In filings that describe Lueken and Kowski as “people of some means”, BRG said the pair appeared to only want to retake control until money had been paid to entities in their “camp”.
Still, it said, the pair’s actions “pose an existential threat to a fund with €1bn of commitments from investors”. It added that “without swift intervention from the court the fund faces potentially irreparable damage”.
Kowski responded that “the situation is quite the reverse” and said BRG was “mismanaging the fund and causing it to lose value”.
Lueken and Kowski “did their utmost to ensure that the handover [to BRG] was smooth, although their offers of assistance were sometimes rejected or ignored,” Kowski said in court filings for a hearing on Friday.
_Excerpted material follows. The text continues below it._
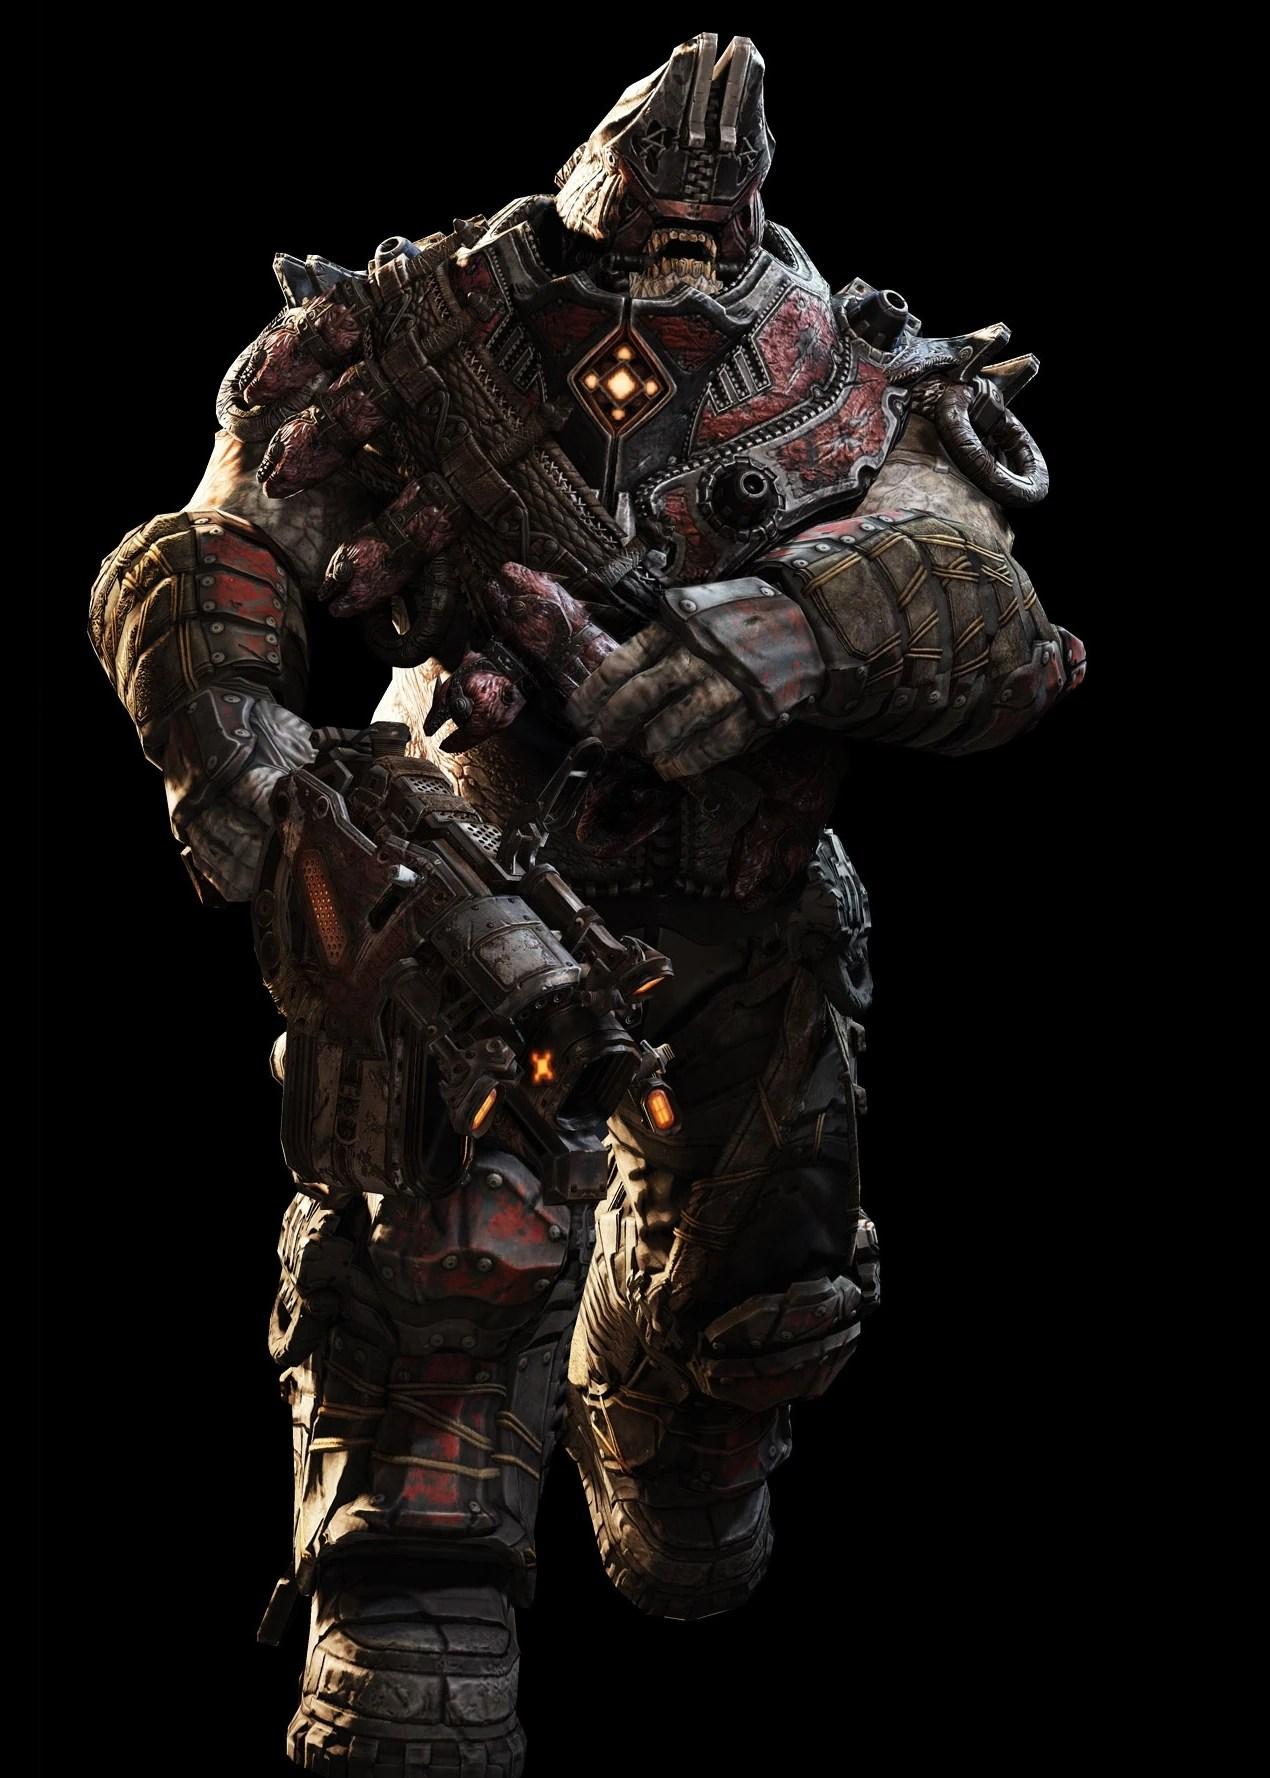 Killzone Shadow Fall Helghast Wallpaper Savage Boomer Gears Of War Fandom Powered By Wikia
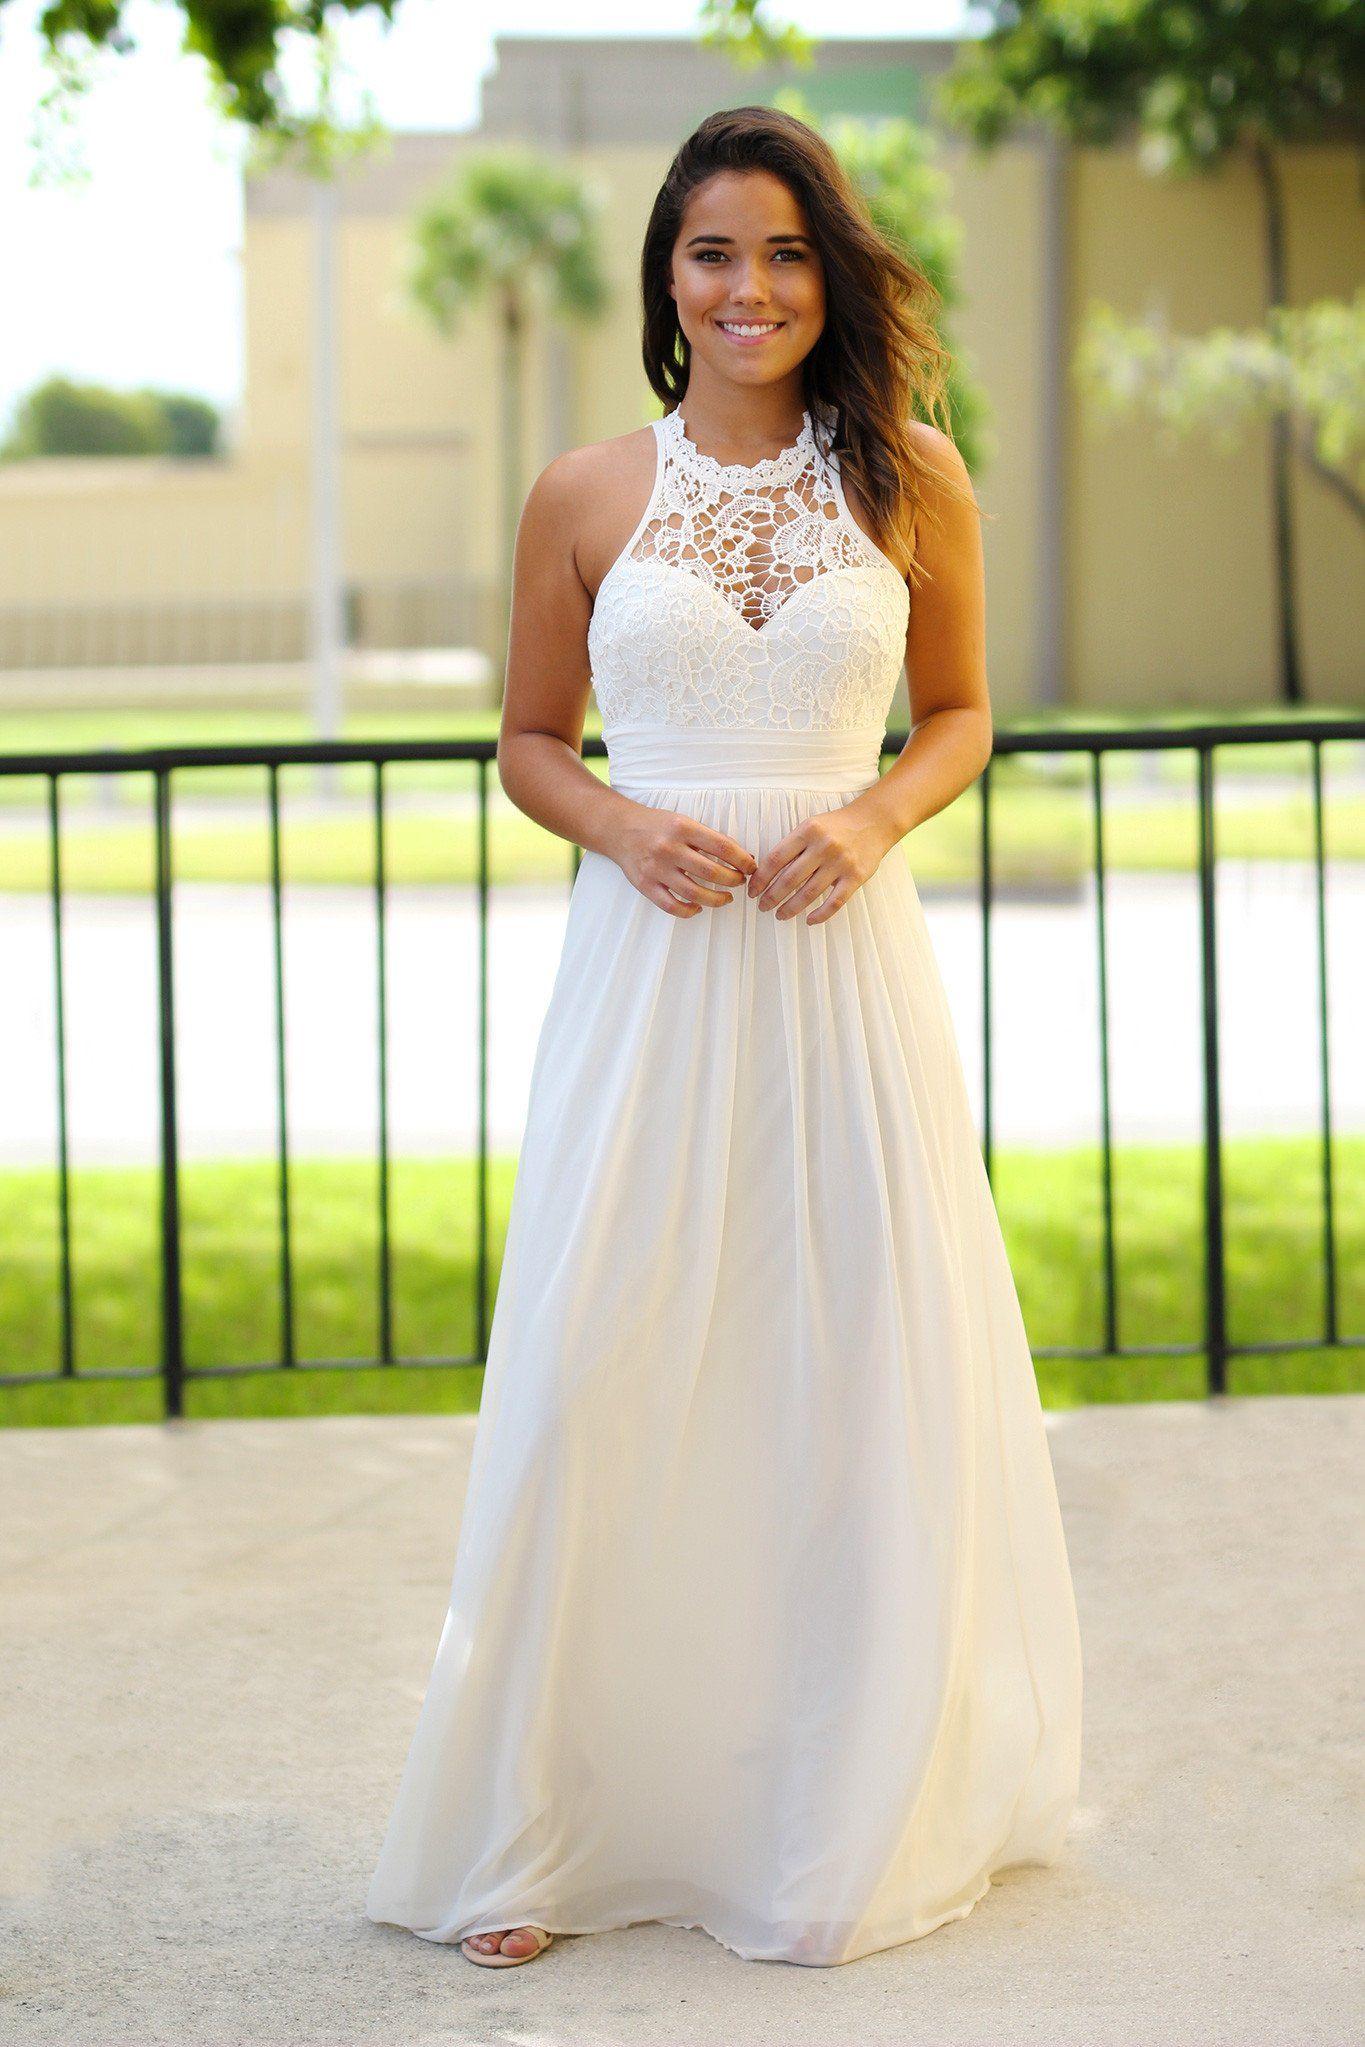 Beige Crochet Maxi Dress | neat future wedding ideas | Pinterest ...

The pair also argue that their agreements not to challenge BRG are no longer valid because BRG did not uphold its side of the bargain, which was to appoint an independent valuer of the fund so it could hand them payouts.
Though the ousted Novalpina vehicle received a “priority profit share” payment of €18mn in August, just before BRG took control, Kowski said the “most significant” of the payments due to the founding partners had not yet been paid.
He said BRG had “refused, and continues to refuse, to appoint a valuer to carry out a valuation”, which is needed to determine the level of the payouts.
EY valued the fund at €2bn in June 2021, Kowski said.